Friday, June 17, 2011

The Promise of The Khan Academy

As you've probably noticed from my blog posts, I believe that public education is in the process of a complete reboot. The current system is undergoing a sea change caused by a lack of state and federal funding, a mistaken obsession with standardized tests as a demonstration of adequate knowledge, an unsustainable teacher retirement system, and most recently an economy that doesn't really support the road map to success that we've espoused for 100 years - get a high school diploma, get a four year liberal arts degree, get high paying job, live the American dream.

Amidst all of this educational noise, there is also a fundamental shift going on in the clients that the system serves - the students. Technology is the catalyst that allows students to endlessly entertain themselves, to access information from any source at any moment, and ultimately to bypass that boring teacher who stands up in front of the class and lectures for 70 minutes every day. Like it or not, teachers are in competition for attention in the same way that major media outlets compete for our listeners, viewers, and ad dollars. Agreed that students must have the desire to learn and not just play. But the internet opens up resources for kids that the education system must learn to incorporate.

If you haven't done so, please check out the Khan Academy. Quoting their site, "Khan Academy is a free world-class education for anyone anywhere.
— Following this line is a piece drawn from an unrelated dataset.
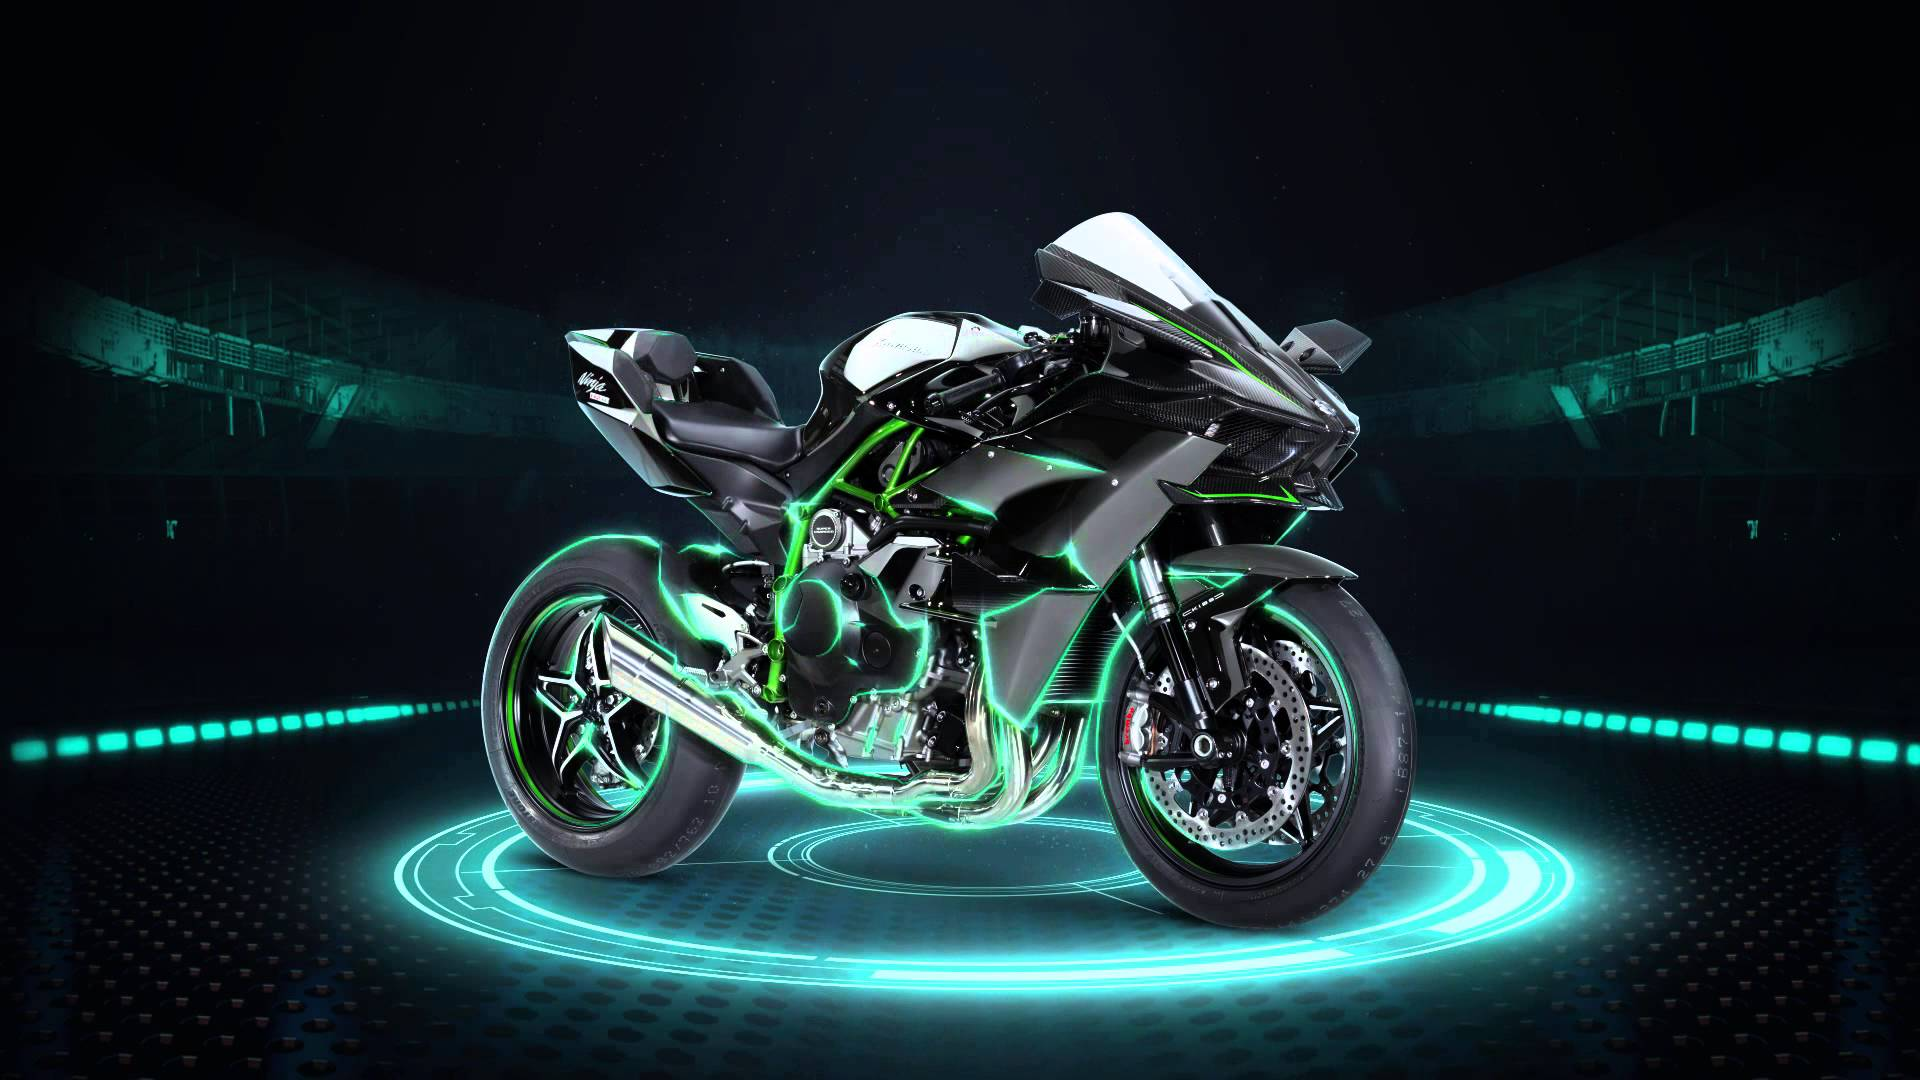 Kawasaki Ninja H2R - Fastest Superbike In The Ninja Series ...

The Khan Academy is an organization on a mission. We're a not-for-profit with the goal of changing education for the better by providing a free world-class education to anyone anywhere. All of the site's resources are available to anyone. It doesn't matter if you are a student, teacher, home-schooler, principal, adult returning to the classroom after 20 years, or a friendly alien just trying to get a leg up in earthly biology. The Khan Academy's materials and resources are available to you completely free of charge."
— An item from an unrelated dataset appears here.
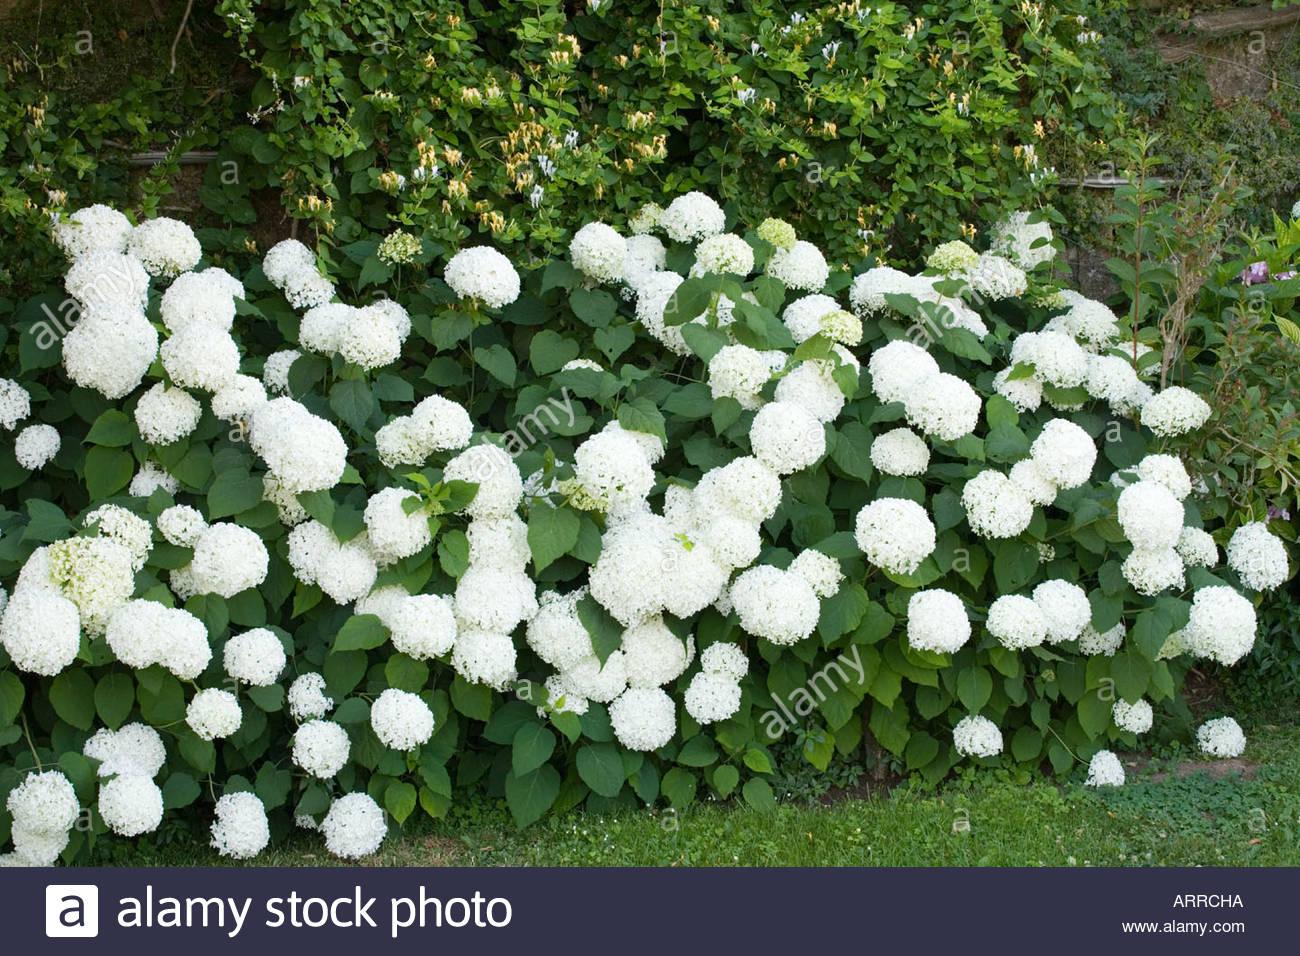 Hortensie Annabell hortensie annabelle incrediball hydrangea ustrong annabelleu

The Khan Academy is the brainchild of Salman Khan, a first generation American who was an educational star in his own right receiving degrees from MIT and Harvard. What's cool about Salman is that he rejected a high-paying career in finance to start this adventure in online education. His site features over 2,100 videos and self-paced exercises on core tenets of math, science, and the humanities. He also provides cool features like knowledge maps, instant user stats, and some traditional gaming features like achievements/badges. Akin to his methods, why not check out this Ted video and get the deets from the horses mouth instead of letting me ramble:

Bravo! Now... if only our public education systems can find a way to embrace this awesomeness! I can imagine an educational future where students choose their own teachers, are offered endless opportunities and access to materials and practice, and ultimately drive their own educational path. We can get started now by supporting this site as a complimentary practice to classroom-based learning. We have an old saying at school that you'll hear out of many teachers' mouths, "I am a life long learner." As cheesy as this sounds, it's a transformative lifestyle. I encourage all of you to take one sample lesson at The Khan Academy.

1 comment:

Anonymous said...

thanks for sharing this info. I learned about Ted awhile ago and am blown away by the information we have acsess to!